Transcribe the entries below exactly, starting with the line that has "Prologue_PL-VC35SS_SPECS.jpg" and stopping after the line that has "NewspaperHeader.jpg"; no pictures belong in the copy.

Material supplied:
Start of Block

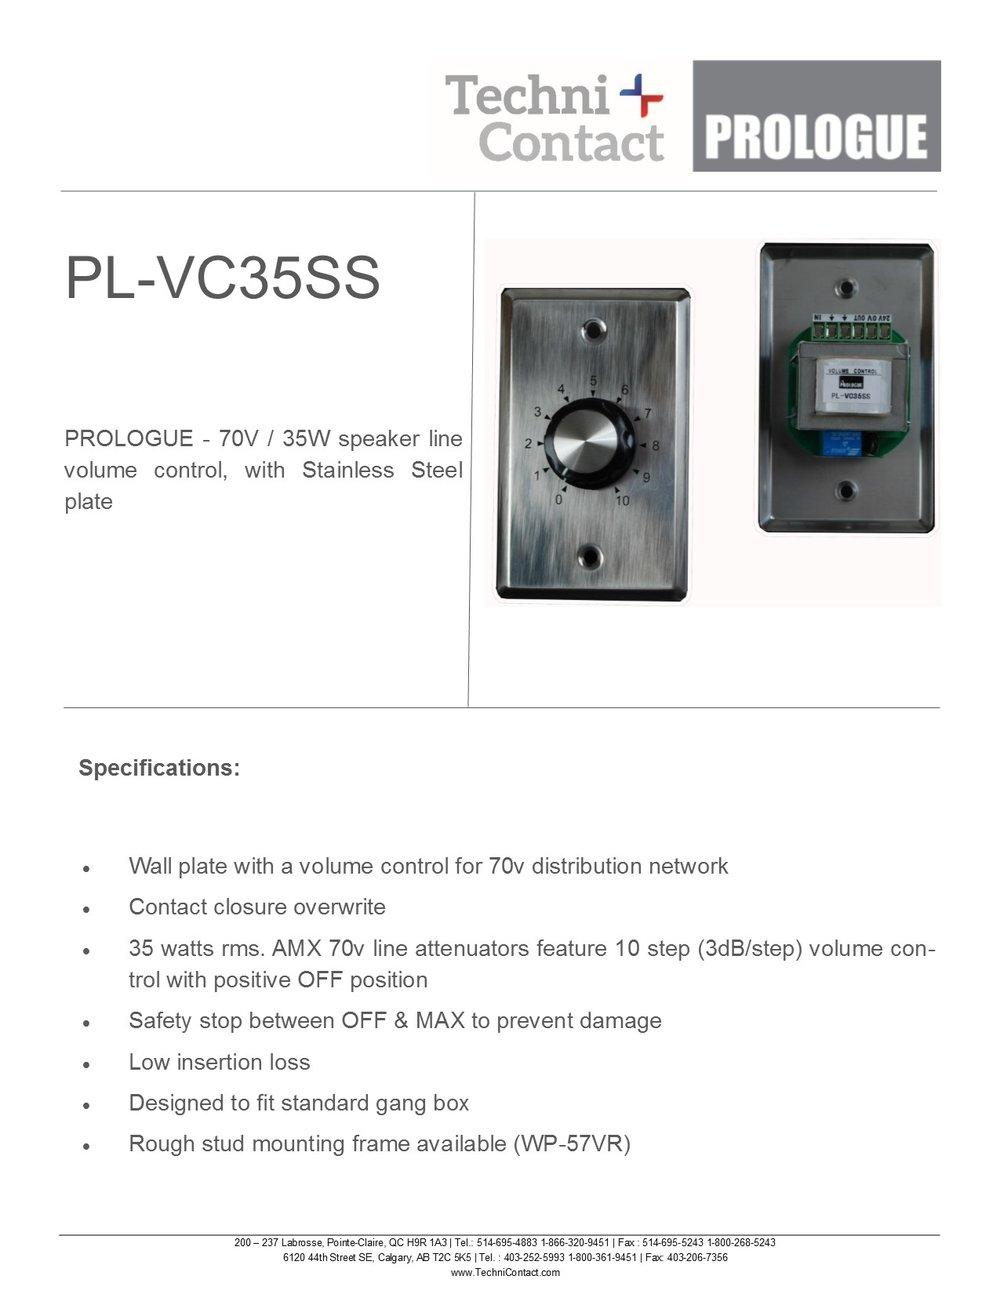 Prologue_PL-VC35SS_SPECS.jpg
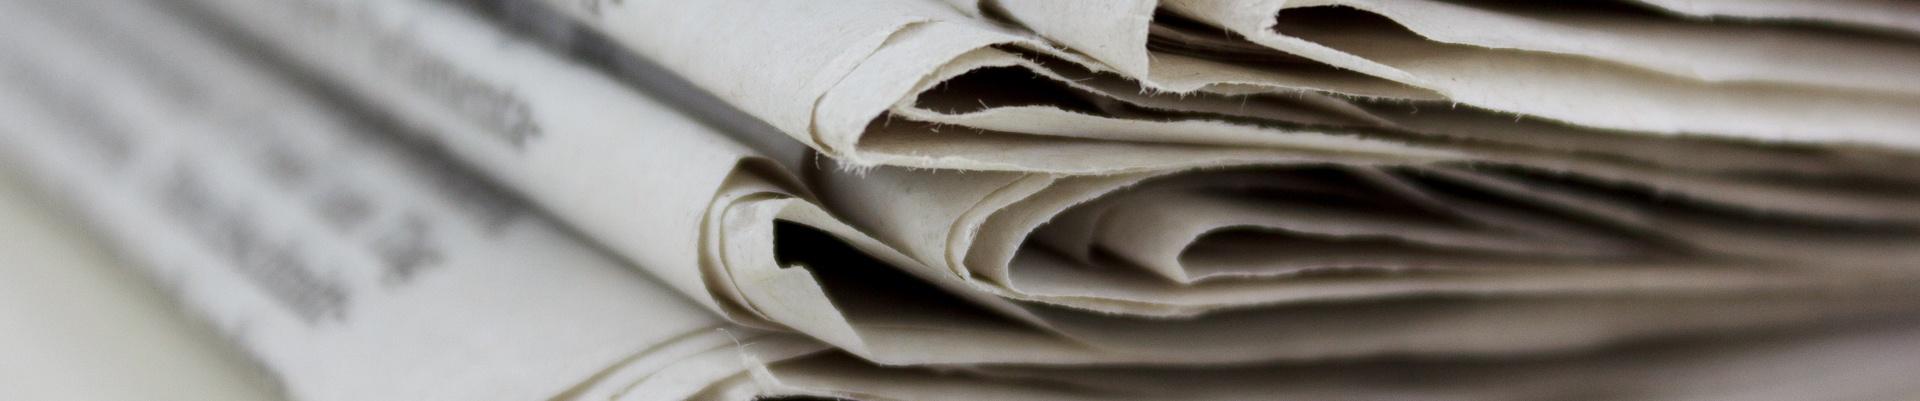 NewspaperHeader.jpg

End of Block
Start of Block

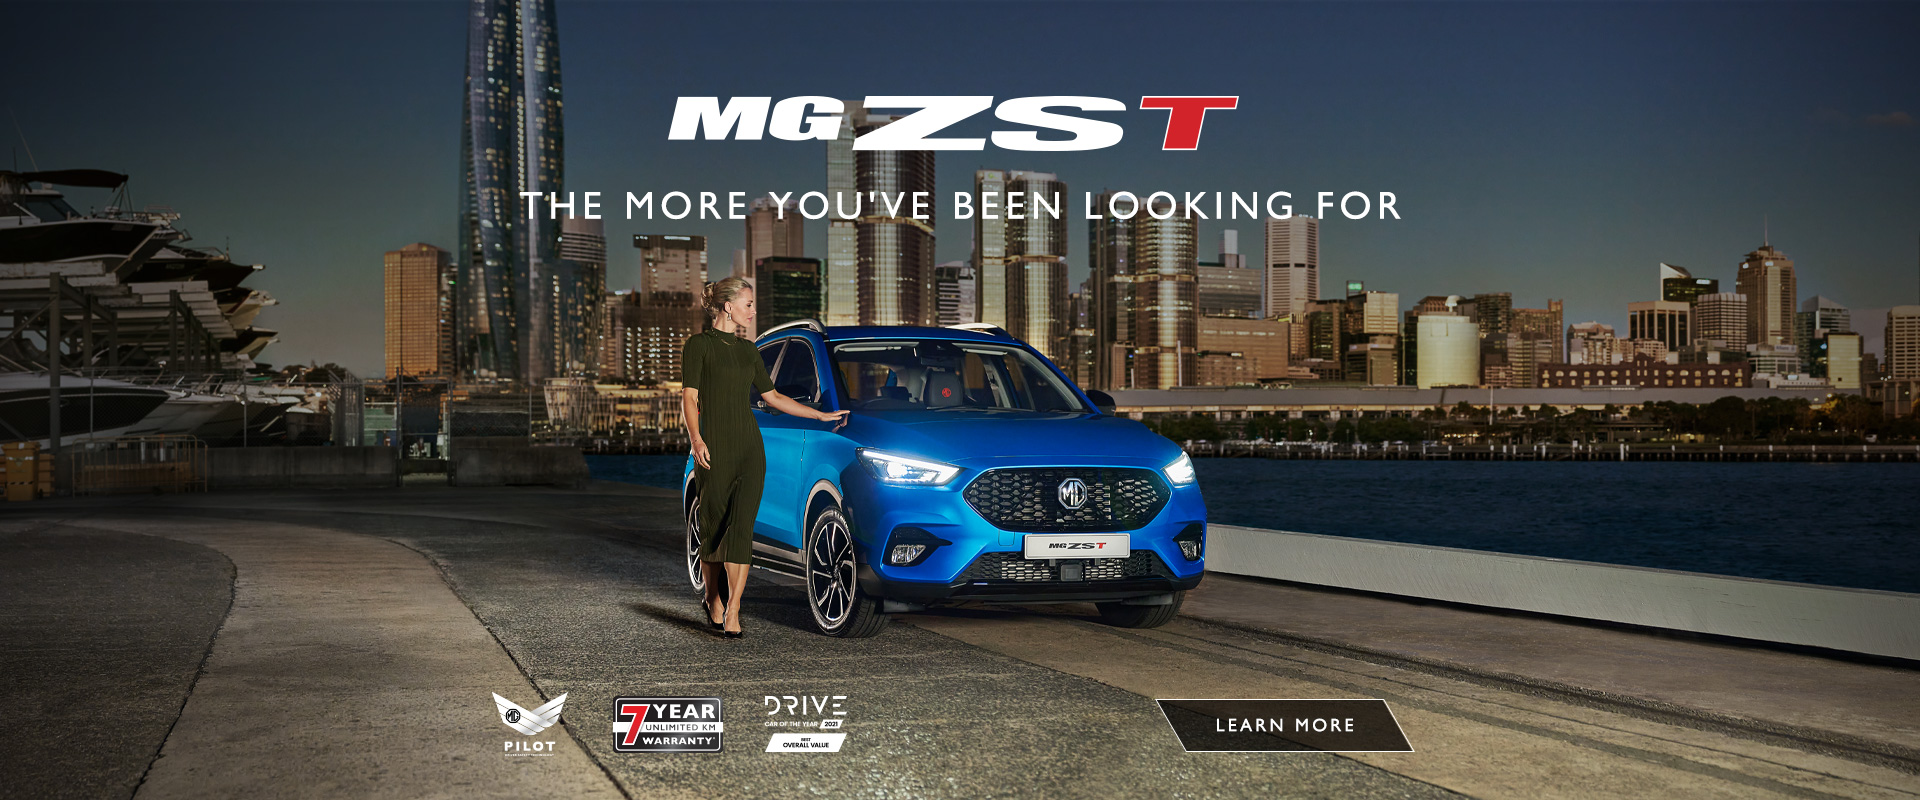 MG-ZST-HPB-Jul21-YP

End of Block

Response box:
 Prologue_PL-VC35SS_SPECS.jpg
 NewspaperHeader.jpg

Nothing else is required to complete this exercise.